The Politics of Succession - "Succession is all but overtly inspired by the Murdoch family, whose multi-continental media empire played a crucial role in making Donald Trump's presidency possible."
The members of the Roy family... are all competing over the same prize: the chairmanship of the Waystar-Royco media empire, whose crown jewel is the Fox News stand-in ATN, which features a white nationalist in prime time and offers a platform to climate deniers. Because we are concerned with these and a handful of other characters in Logan’s inner circle, we rarely question the prize itself, which is valued in the billions but which the country, and indeed the planet, would surely be better off without. The same could be said about the people fighting over it, every last one of whom is greedy, selfish, and pitiful. America may not deserve Waystar-Royco or any of the Roys, but somehow a case can be made for any of the Roys deserving Waystar-Royco, and vice versa.
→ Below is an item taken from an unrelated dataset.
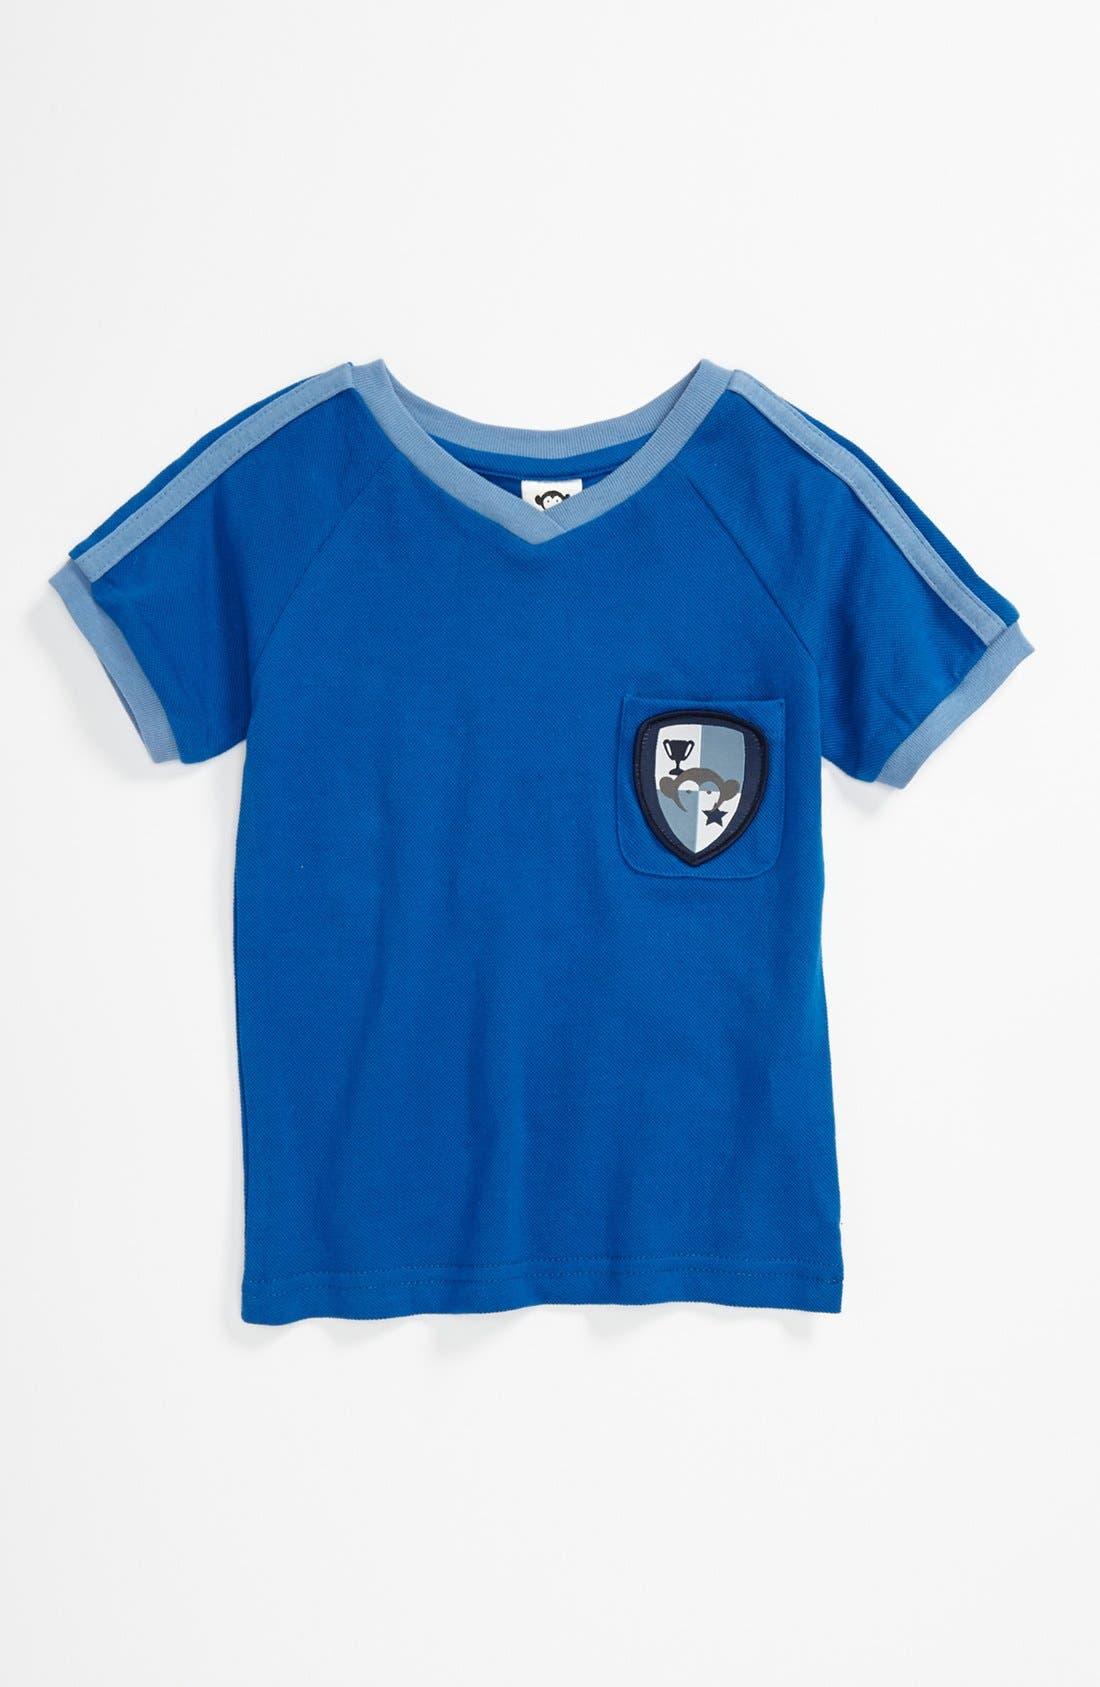 Alternate Image 1 Selected - Appaman 'Soccer' T-Shirt (Toddler)

This is a show in which the One Percent owns everything, mostly by dint of inheritance or marriage. But Succession refuses to indulge the meritocratic fantasy that inequality is fine as long as the winners are the smartest, hardest-working people. Most of the Roys are plenty smart—as are the non-Roys, such as Gerri (J. Smith-Cameron) or Rhea (Holly Hunter) with a shot at the title—and all of them work plenty hard, insofar as ruthlessly undermining one another can be considered work. Logan, in any case, is self-made. The problem with Waystar-Royco isn’t so much that one of Logan’s kids might get to inherit it as that it exists at all...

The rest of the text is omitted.